Midjourney Launches "Patchwork" Tool to Expand AI Image Creation Boundaries

2024-12-12

Recently, Midjourney, a popular AI image generation startup with over 21 million Discord server users, officially launched its latest tool—"Patchwork." This tool aims to expand the boundaries of AI image creation and editing, providing users with a fresh creative experience.

Max Kreminski, head of Midjourney's Storytelling Lab, showcased Patchwork's features during a live session on Discord and X platforms. He explained that Patchwork will operate as a standalone application, requiring users to log into their Midjourney accounts to access it. The application's "research preview" URL is available in the "Updates" channel of the Midjourney Discord server, and users must link their Midjourney Discord accounts with their Google accounts to gain access.

Patchwork is a web-based infinite canvas with a blank white background. On the left side, there is a "Toolbox" containing buttons such as "Characters," "Events," "Factions," "Locations," "Props," and "Random," as well as tools like "Notes," "Images," "Portals," "Save," and "Share." Users can utilize these tools to create and manage various digital "worlds" on the canvas.

Each world consists of an individual canvas, and users can switch between different worlds by creating "Portals." To generate a new world, users need to enter text prompts in the editor bar at the top of the "Create" screen and select one or more from ten different image styles.

This will create a new white canvas featuring a series of new static image assets and text boxes or entities, referred to as "Fragments." These fragments include input boxes that allow users to generate new images or settings based on the initial world description, and even entirely new AI-generated character descriptions.

During the live demonstration, the character name was automatically filled as Marcus "Dizzy" Gillespie, sharing the name with the renowned jazz musician. Dragging the description into the new character image creation box generated four new AI-generated images. Users can also add new character boxes and prompt the creation of names, traits, and motivations, which can incite conflicts and lay the foundation for the story.

Users can connect characters with lines to indicate their relationships. Additionally, they can write action sequences and scene descriptions, each narrating a story. Each character can be used across multiple images, and these images can be grouped together through an option.

Users can "Share" their canvases with other Midjourney users for collaboration. According to Kreminski, up to 100 users can collaborate in real-time within the same world, although the experience may become increasingly chaotic as the number of users grows.
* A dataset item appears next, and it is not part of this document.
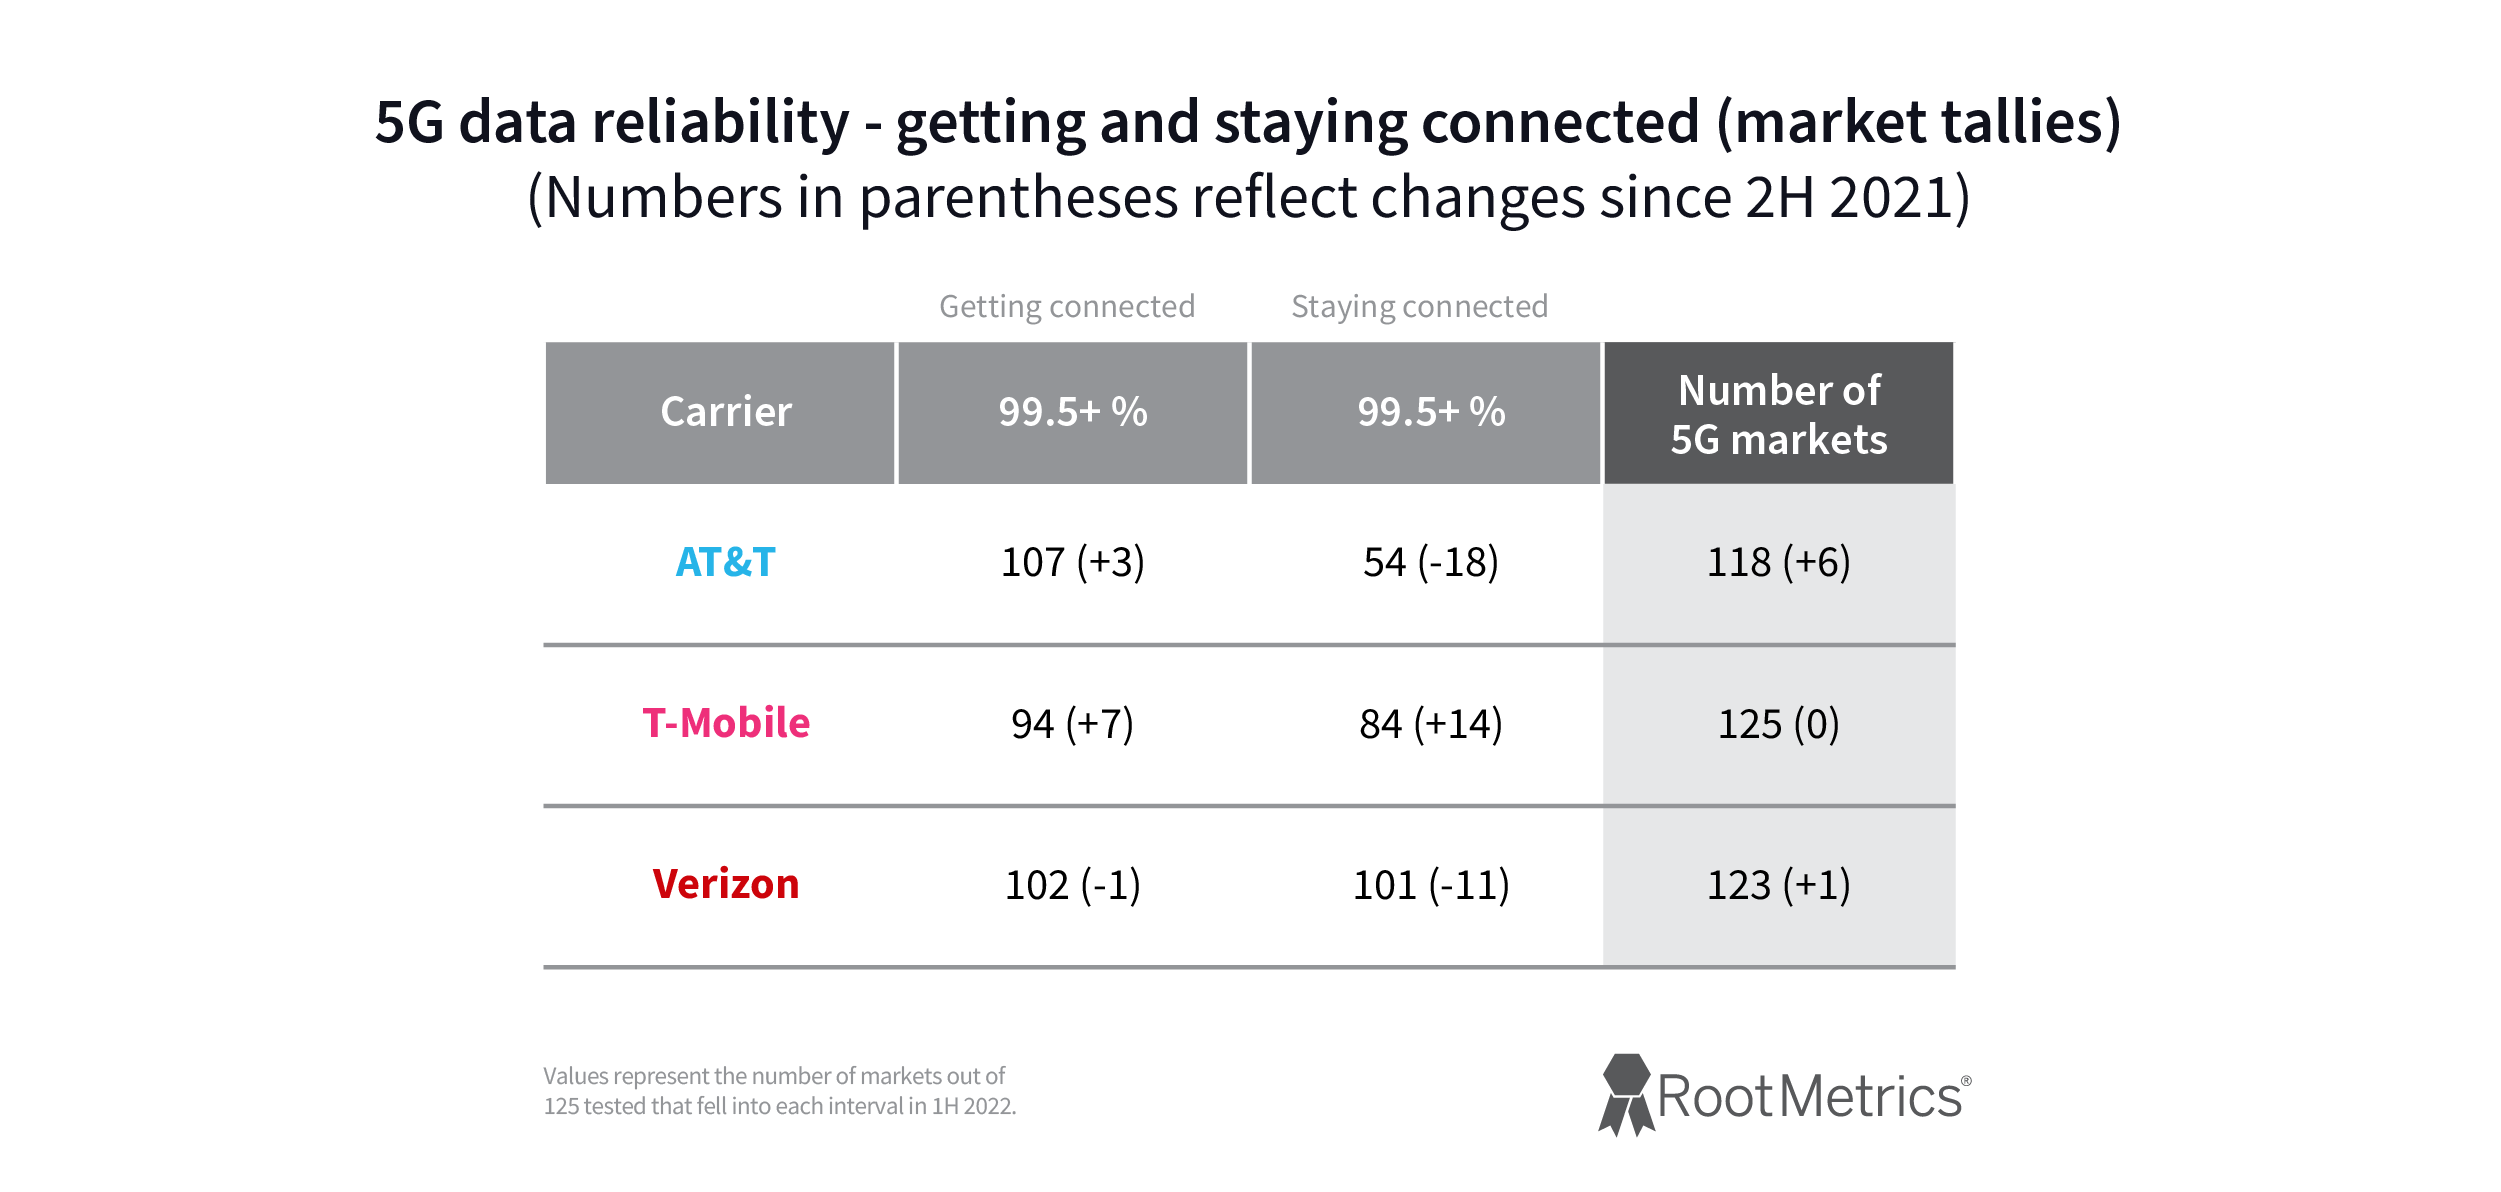 A graphic from RootMetrics showing 5G reliablity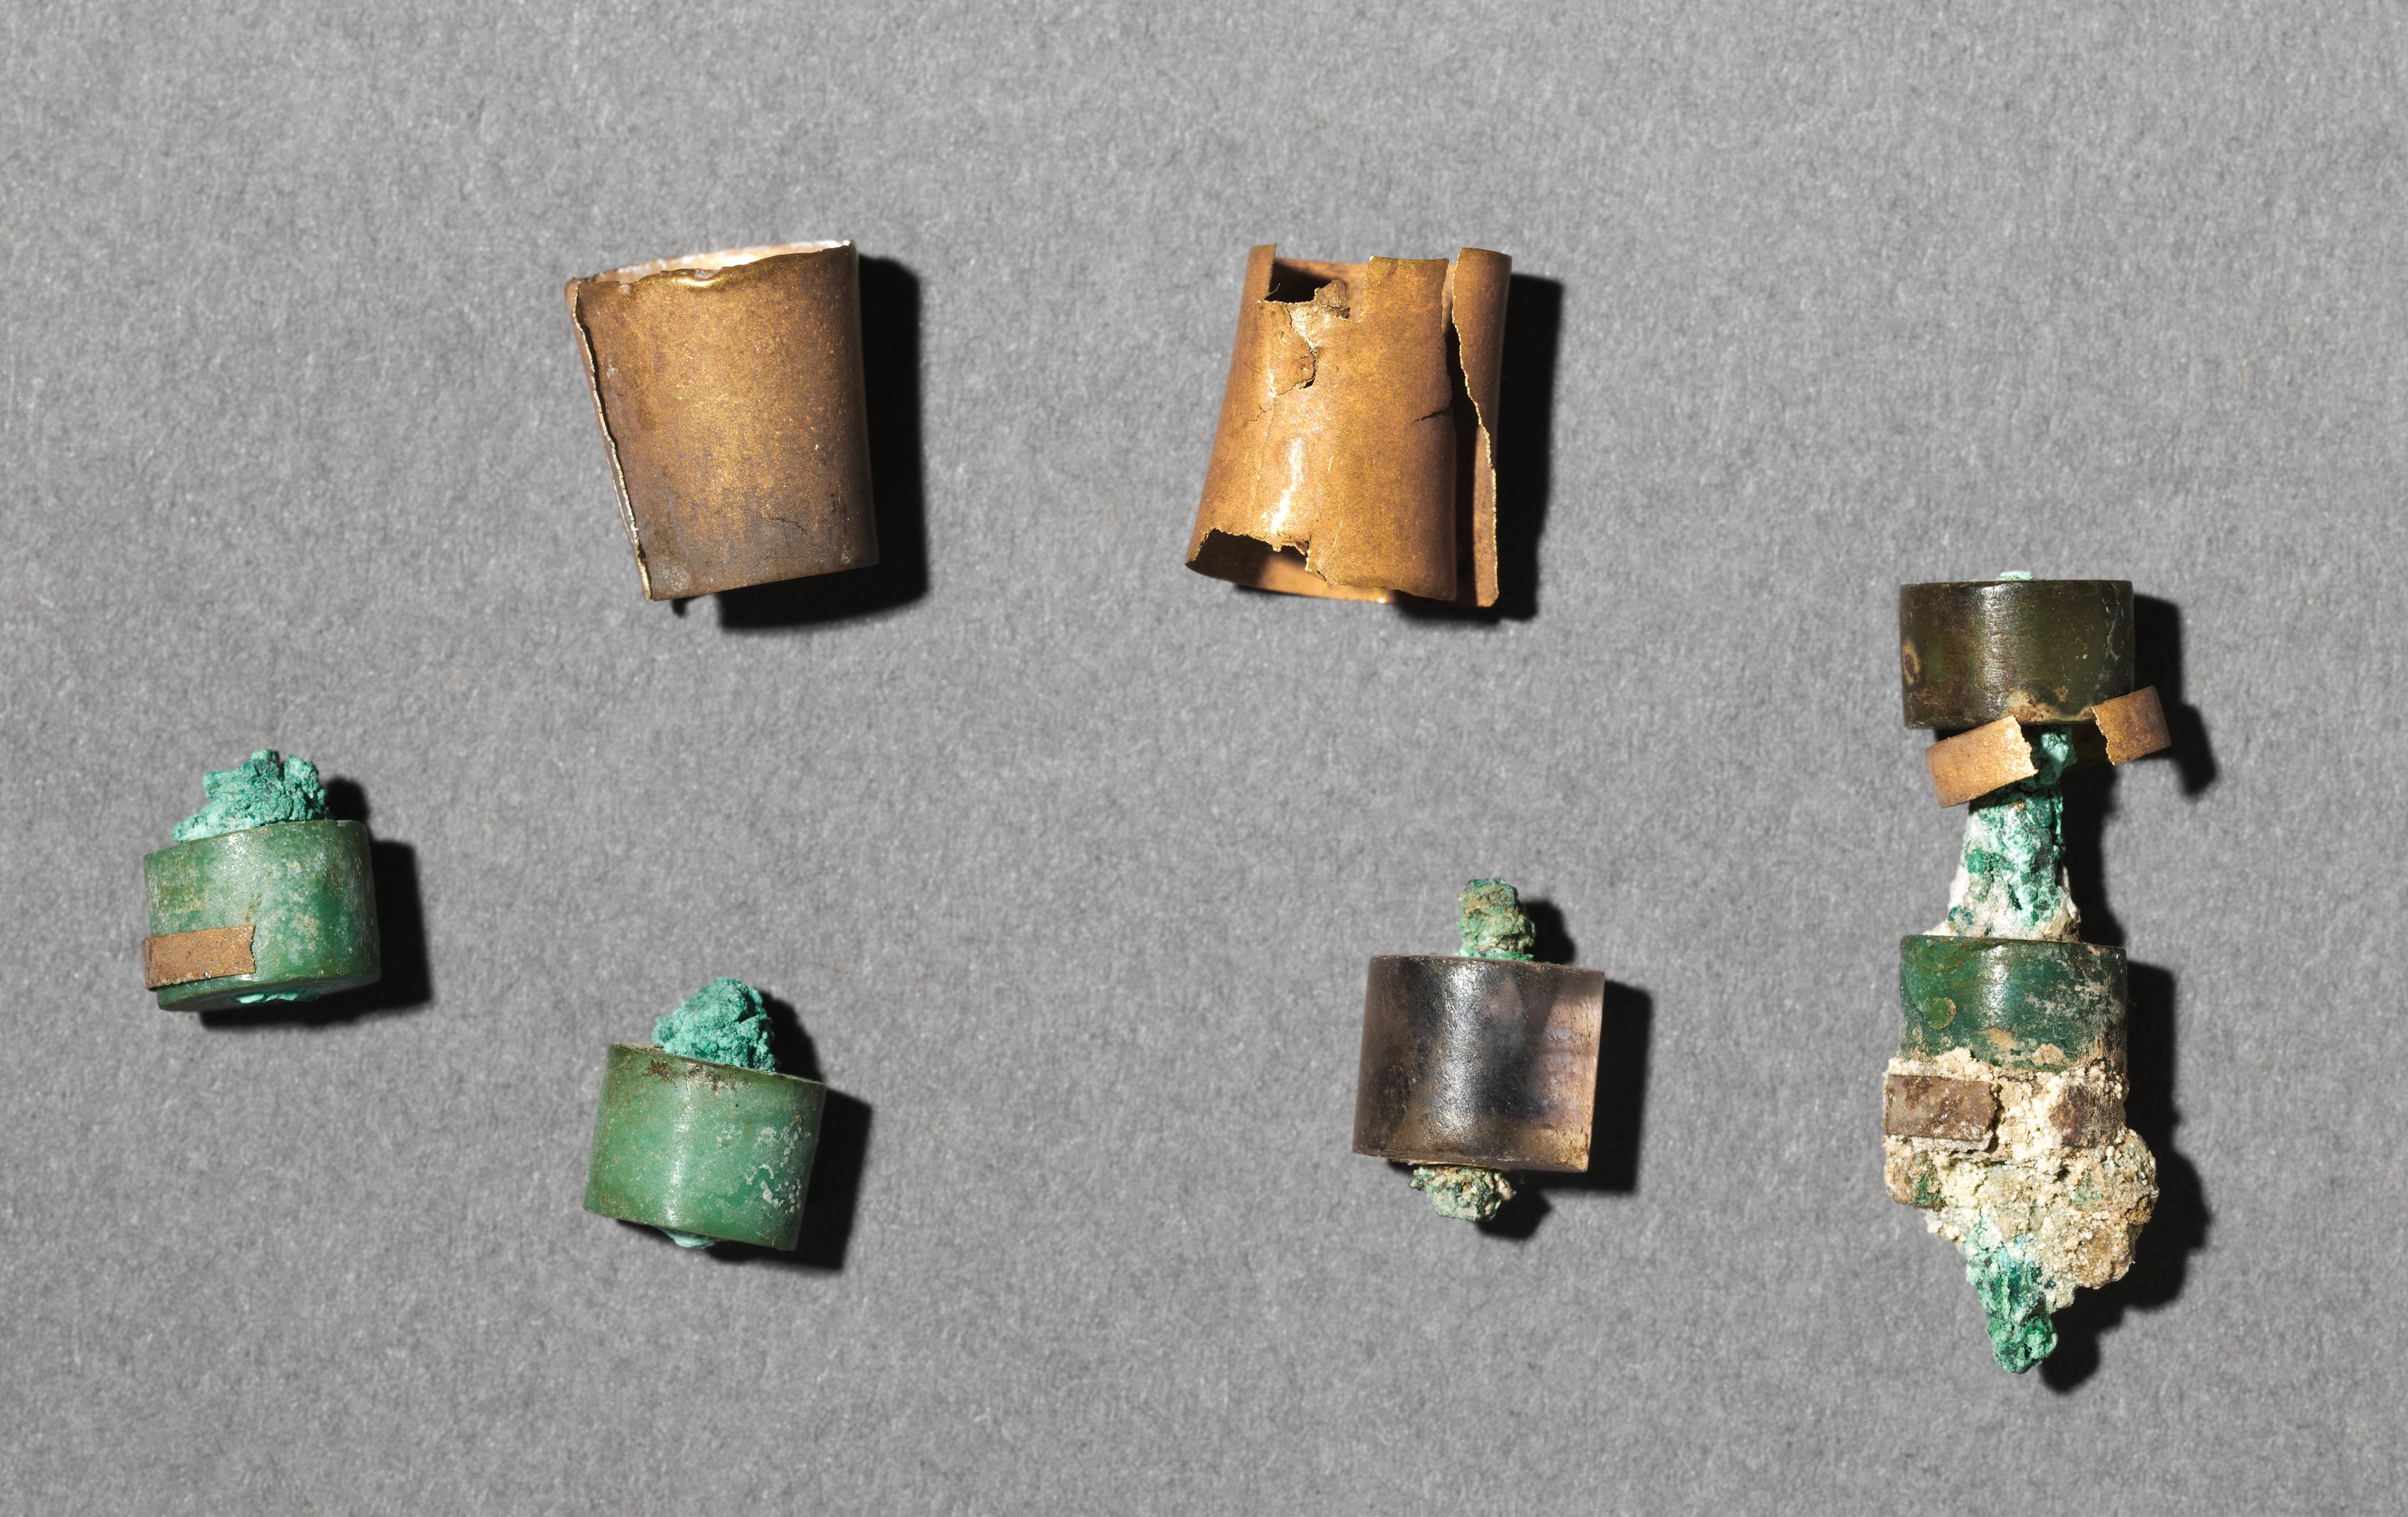 Fragments of an Amuletic Cylinder

Kreminski also revealed that currently only logged-in users can view canvases, but non-users may be able to access them in the future. He mentioned that desktop role-playing game groups have already started using this feature to plan their games. Additionally, Midjourney version 7 (V7) will include a setting that allows maintaining consistency of multiple characters across different and new images.

Patchwork is powered by at least three different large language models, including an open-source model exclusively optimized for Midjourney. Looking ahead, Kreminski stated that there is a "very clear path to enhancing the details and interactions within the worlds," including achieving fully immersive 3D virtual reality scenes, though this may take several years.

Meanwhile, other AI researchers, startups such as Fei-Fei Li's World Labs, and major tech companies like Google are also seeking to develop AI capable of creating 3D immersive, navigable worlds from simple prompts or images.

Additionally, Midjourney founder David Holz announced during the live stream that the company will introduce multiple model personalization modes in the coming days. Currently, Midjourney allows users to personalize the type of visuals they wish to see in generations by rating images and fine-tuning the models to suit their individual preferences. Now, the company will allow users to have multiple personalized versions and switch between them.

Holz also revealed that Midjourney will allow users to upload and reference multiple images to the canvas to guide generation. Moreover, sometime after Christmas (December 25), Midjourney will launch video models and the Midjourney V7 AI image generator, the latter equipped with enhanced prompt understanding capabilities.

Holz further stated that Midjourney is developing three to four new hardware projects and is aiming to expand the company into a comprehensive research laboratory. He anticipates that it may take around six months to announce all these new projects.